Quest Diagnostics followed up its earlier release of disappointing preliminary third-quarter results with more details behind the under performance and pulled back its outlook for the full year. The addition of this information has not materially changed our assumptions and we are holding steady on our $65 fair value estimate.
Despite the new management team’s well-publicized plans to improve Quest’s operations and enhance efficiencies, we have held off on giving the firm much credit for achieving results until we see some tangible evidence that such efforts are having an effect. As a result, our estimates for 2013 have assumed on-going lackluster performance, which is in line with management’s revised outlook.
The notable gap between Quest’s recent results and those of its main rival, LabCorp, over the last few quarters only underscores how strong Quest’s narrow moat is thanks to structural advantages like cost structure and efficient scale. Despite a history of unfocused strategy and spotty operational execution, Quest still enjoys the benefits of a narrow economic moat.

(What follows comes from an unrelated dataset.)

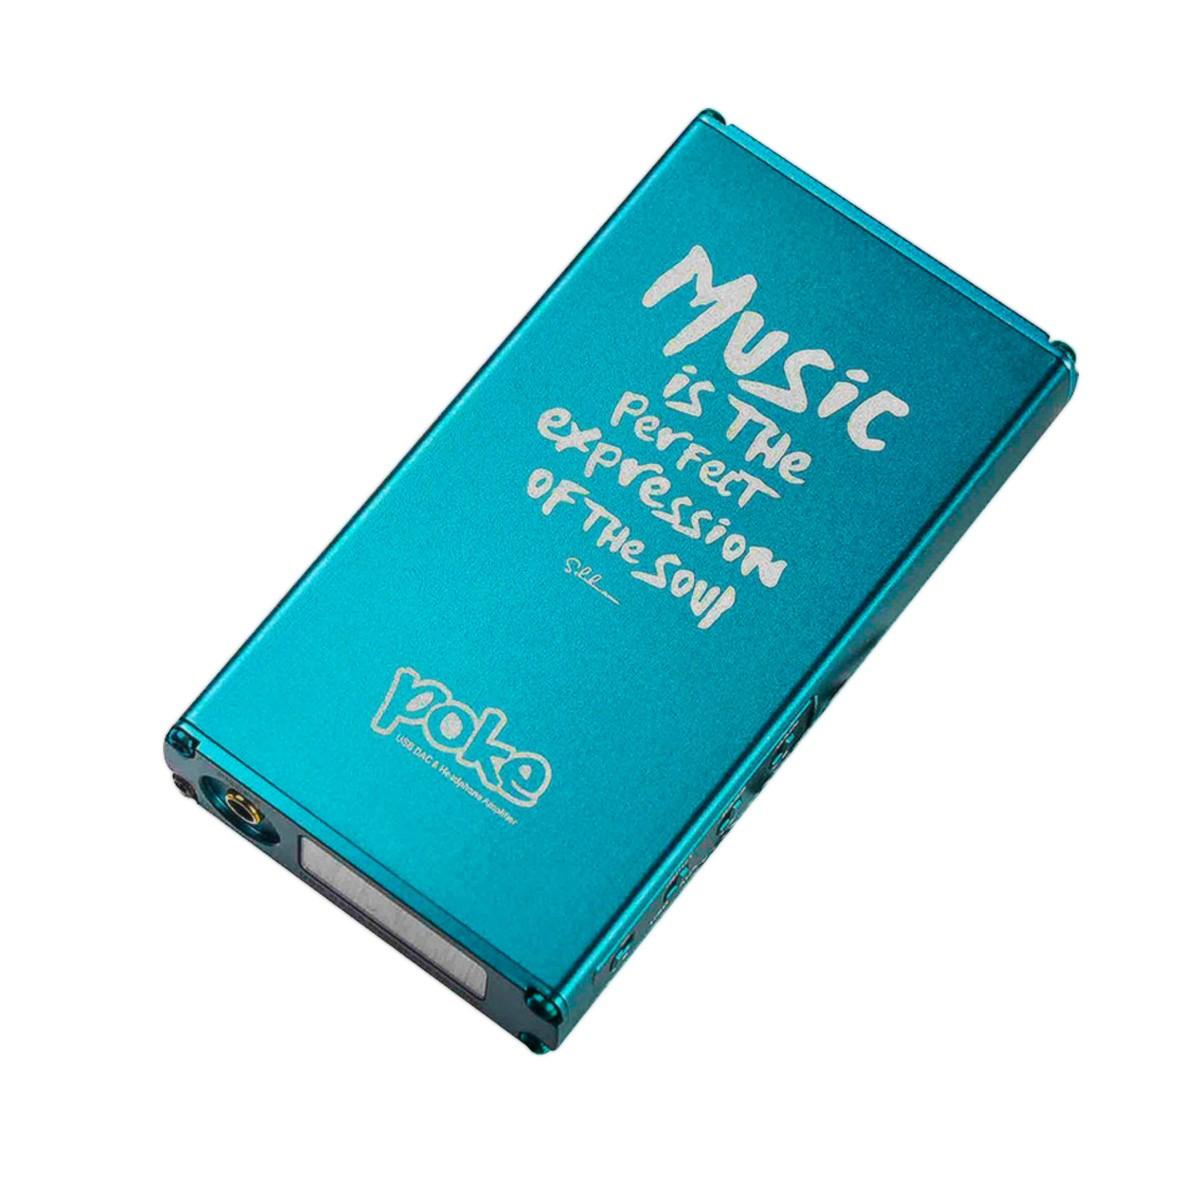 XDUOO XD-10 POKE Amplificateur et DAC Casque Nomade XMOS AK4490EQ 32bit 384kHz DSD256

We were not surprised to see that Quest’s quarterly organic volume fell 2%, but the 4.3% fall in pricing did raise our eyebrows. We had been expecting some weakness in pricing thanks to the substantial Medicare cut to anatomic pathology reimbursements, but this effect was exacerbated by rising denials in molecular diagnostic tests.

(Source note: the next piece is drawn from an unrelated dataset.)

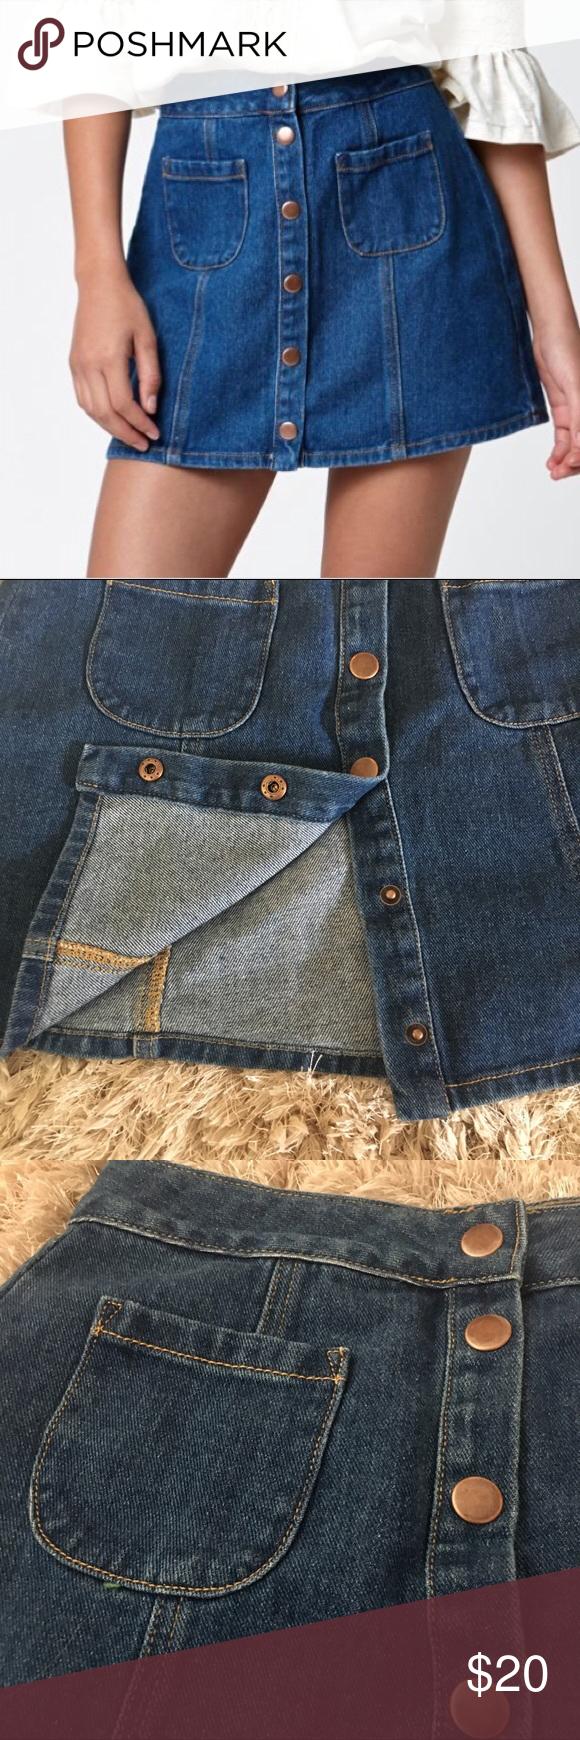 1d1d04368e Brandy Melville Denim Mini Size 27 Brandi Melville denim mini in size 27.  Cute skirt

With the double-whammy of soft volume and pricing, Quest’s adjusted quarterly operating margin fell to 12%, roughly a drop of 460 basis points from the prior-year period. This latest quarter of anemic performance raises serious questions about how much of the disappointment can be laid at the feet of Quest specifically, versus general market conditions. Though management stressed challenging utilization trends in health care, we think the answer may lie closer to home. We will know with more certainty after LabCorp releases quarterly earnings tomorrow.